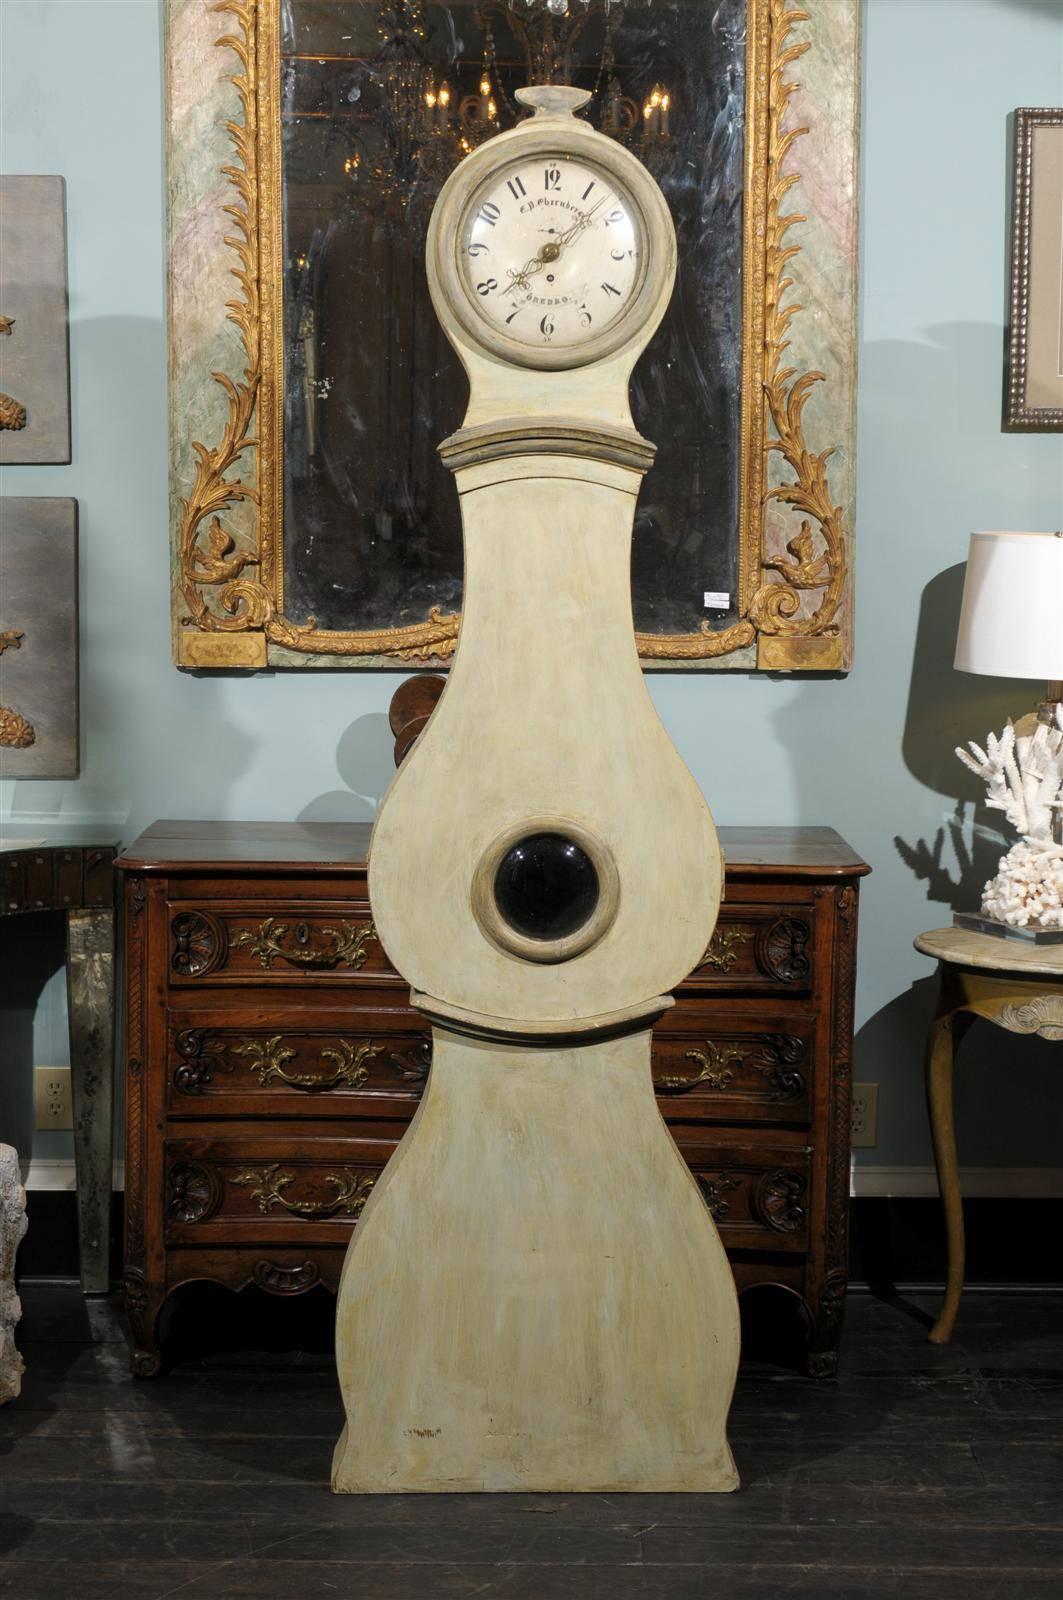 A 19th century Swedish painted wood clock with small carving at the crest, large round belly and flat base. Light grey/green color. This clock retains it's original metal face, hands and movement.  Signed E.P Ehrenberg. Orebro.

This clock would be
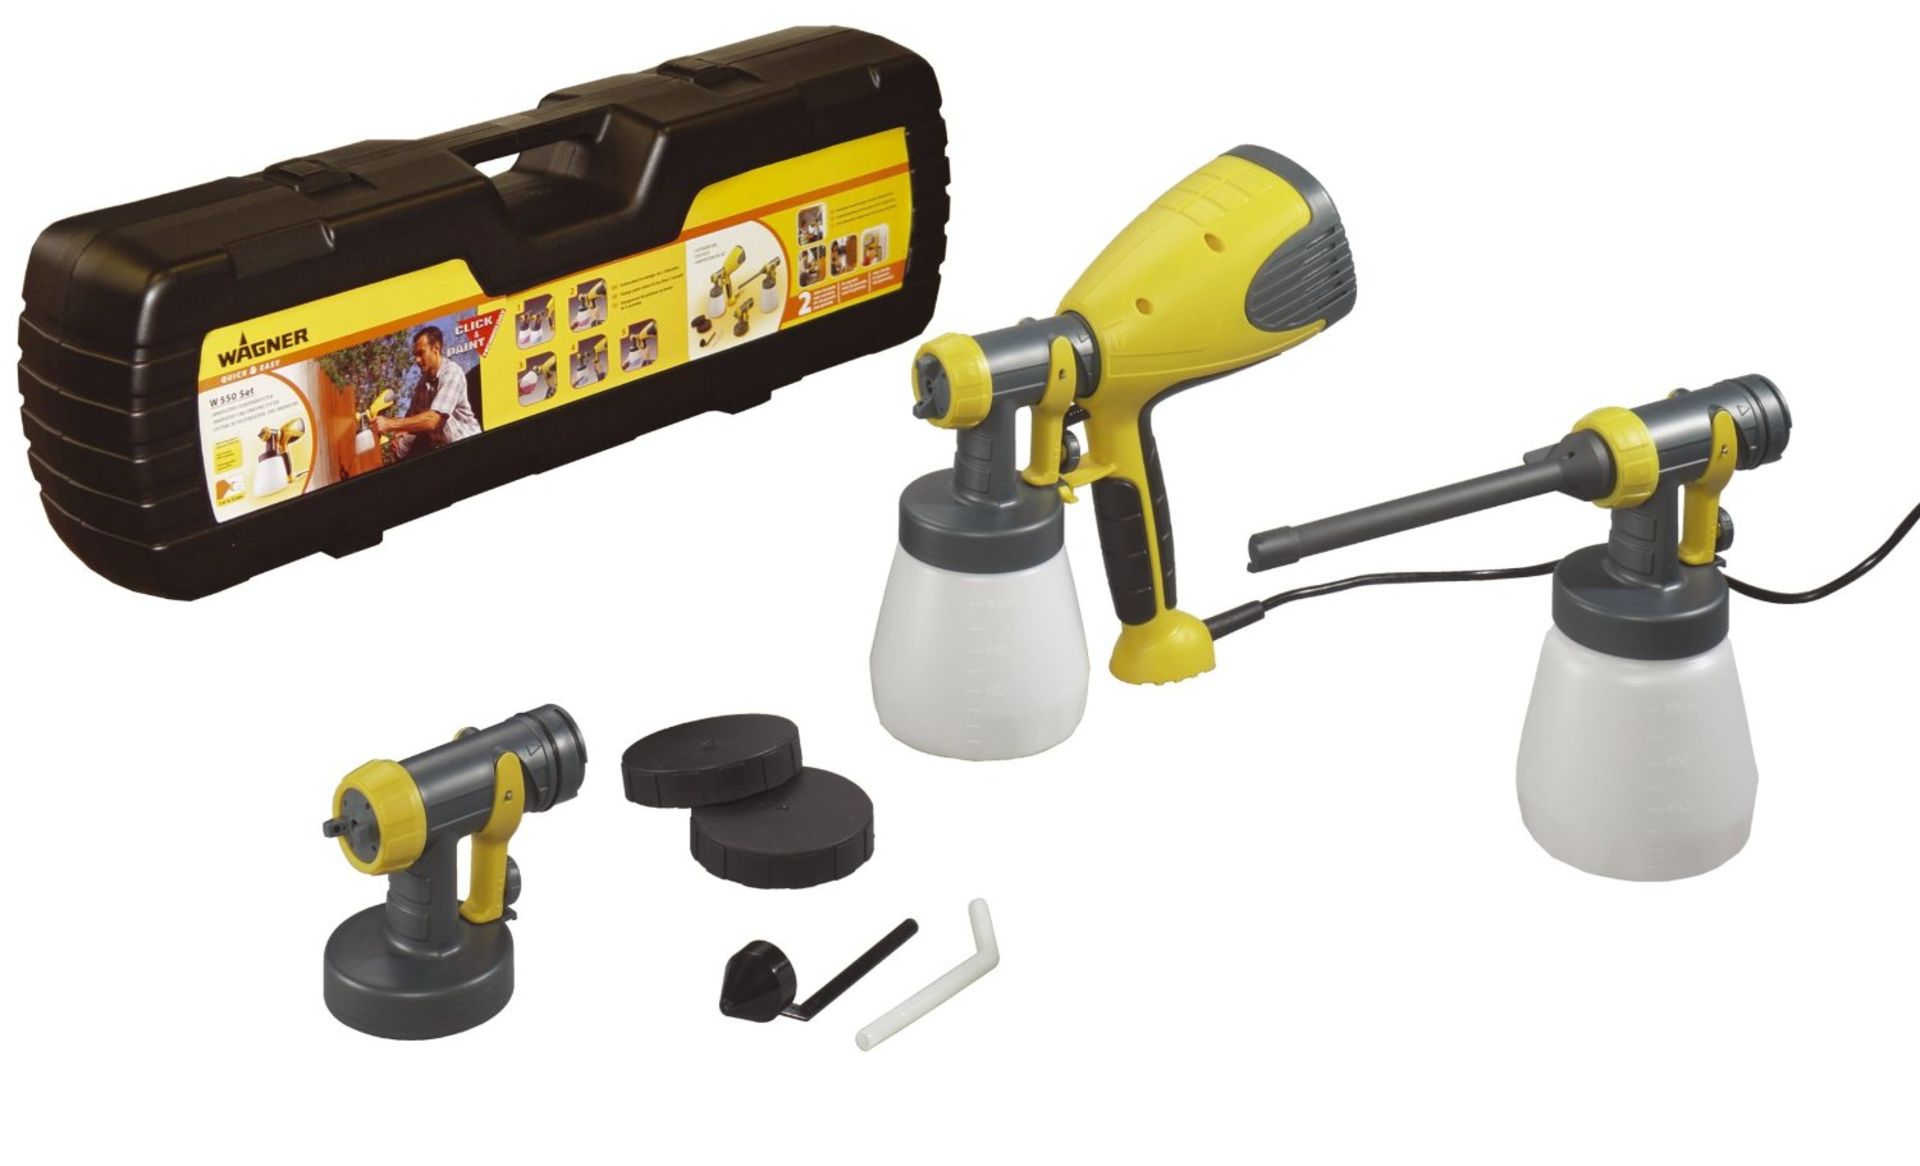 Wagner GB W-550 HVLP Fine Paint Spray System with Radiator Nozzle and Carry Case 3-way adjustable

PROBLEM REQUIREMENTS: Repeat the listing word for word, omitting the pictures.

EXERCISE ANSWER:
 A 19th century Swedish painted wood clock with small carving at the crest, large round belly and flat base. Light grey/green color. This clock retains it's original metal face, hands and movement.  Signed E.P Ehrenberg. Orebro.

This clock would be
 Wagner GB W-550 HVLP Fine Paint Spray System with Radiator Nozzle and Carry Case 3-way adjustable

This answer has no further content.